Sponsor's own description
This study aims to evaluate the impact of the EpiFaith® syringe on the learning curve of anesthesia residents for the labor epidural technique. Anesthesia residents with prior experience placing \< 5 labor epidurals will be enrolled. Their performance of 20 sequential labor epidural placements with either standard technique with a beveled glass syringe or the EpiFaith® syringe will be observed.

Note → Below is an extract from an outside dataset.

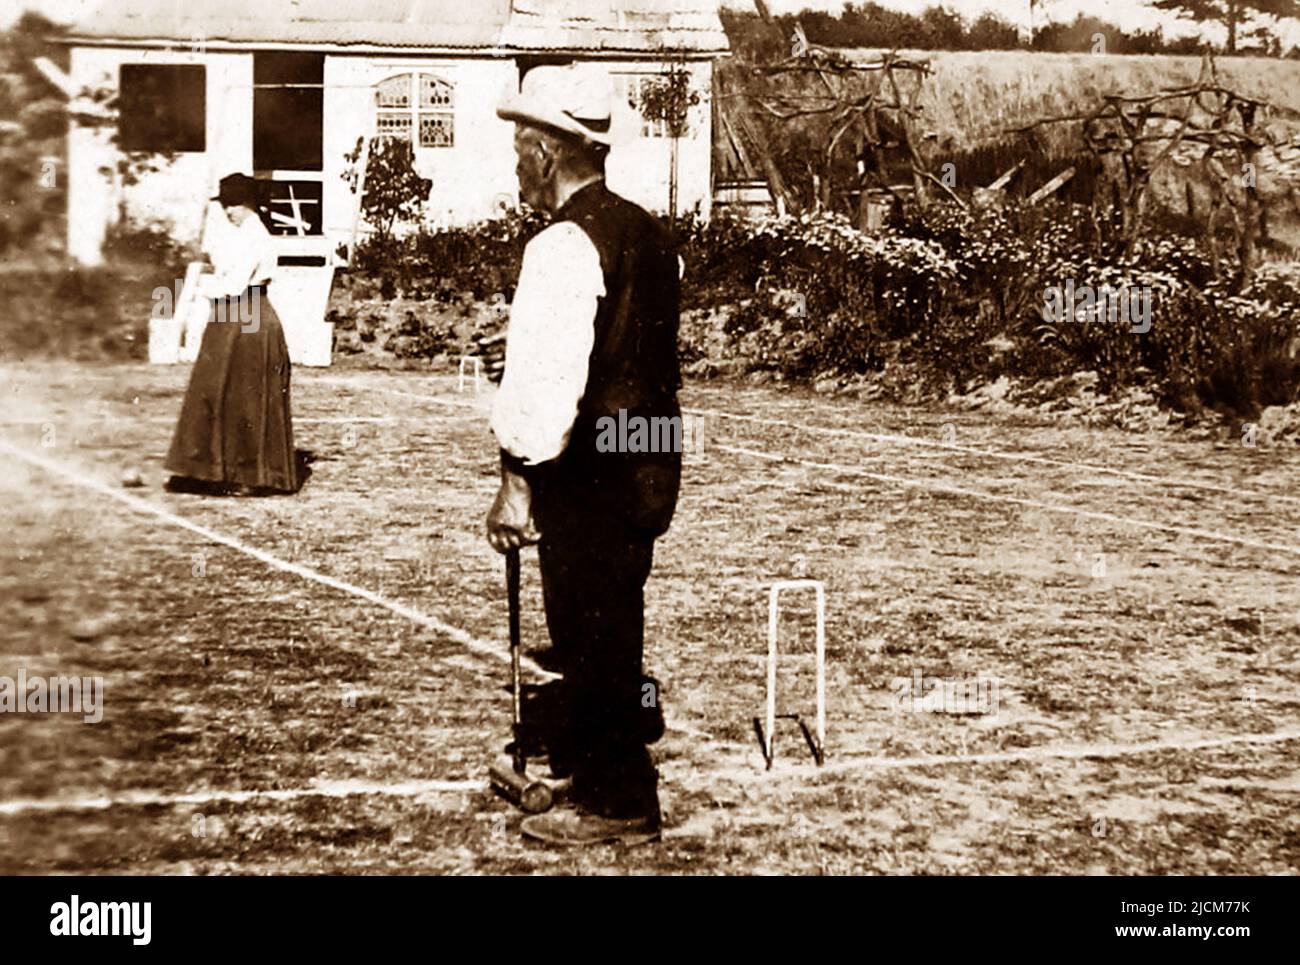 Giocare croquet, forse 1870s Foto Stock

Successful epidural placement over time with sequential epidural placement attempts will be measured between groups. The primary outcome will be rate of successful epidural placement. Success will be defined as a composite of 4 criteria: maximum 3 attempts for placement; no need to re-site at a different level; no required intervention by the supervising attending anesthesiologist; and adequate analgesia with a visual analog score (VAS) \<3 at 30 minutes. We hypothesize that use of the EpiFaith® syringe will enable a faster learning curve for successful epidural placement. A cumulative sum chart (CUSUM) analysis will evaluate whether the EpiFaith® syringe causes deviation from the control learning curve. Secondary outcomes will include rate of inadvertent dural puncture and epidural replacement rate.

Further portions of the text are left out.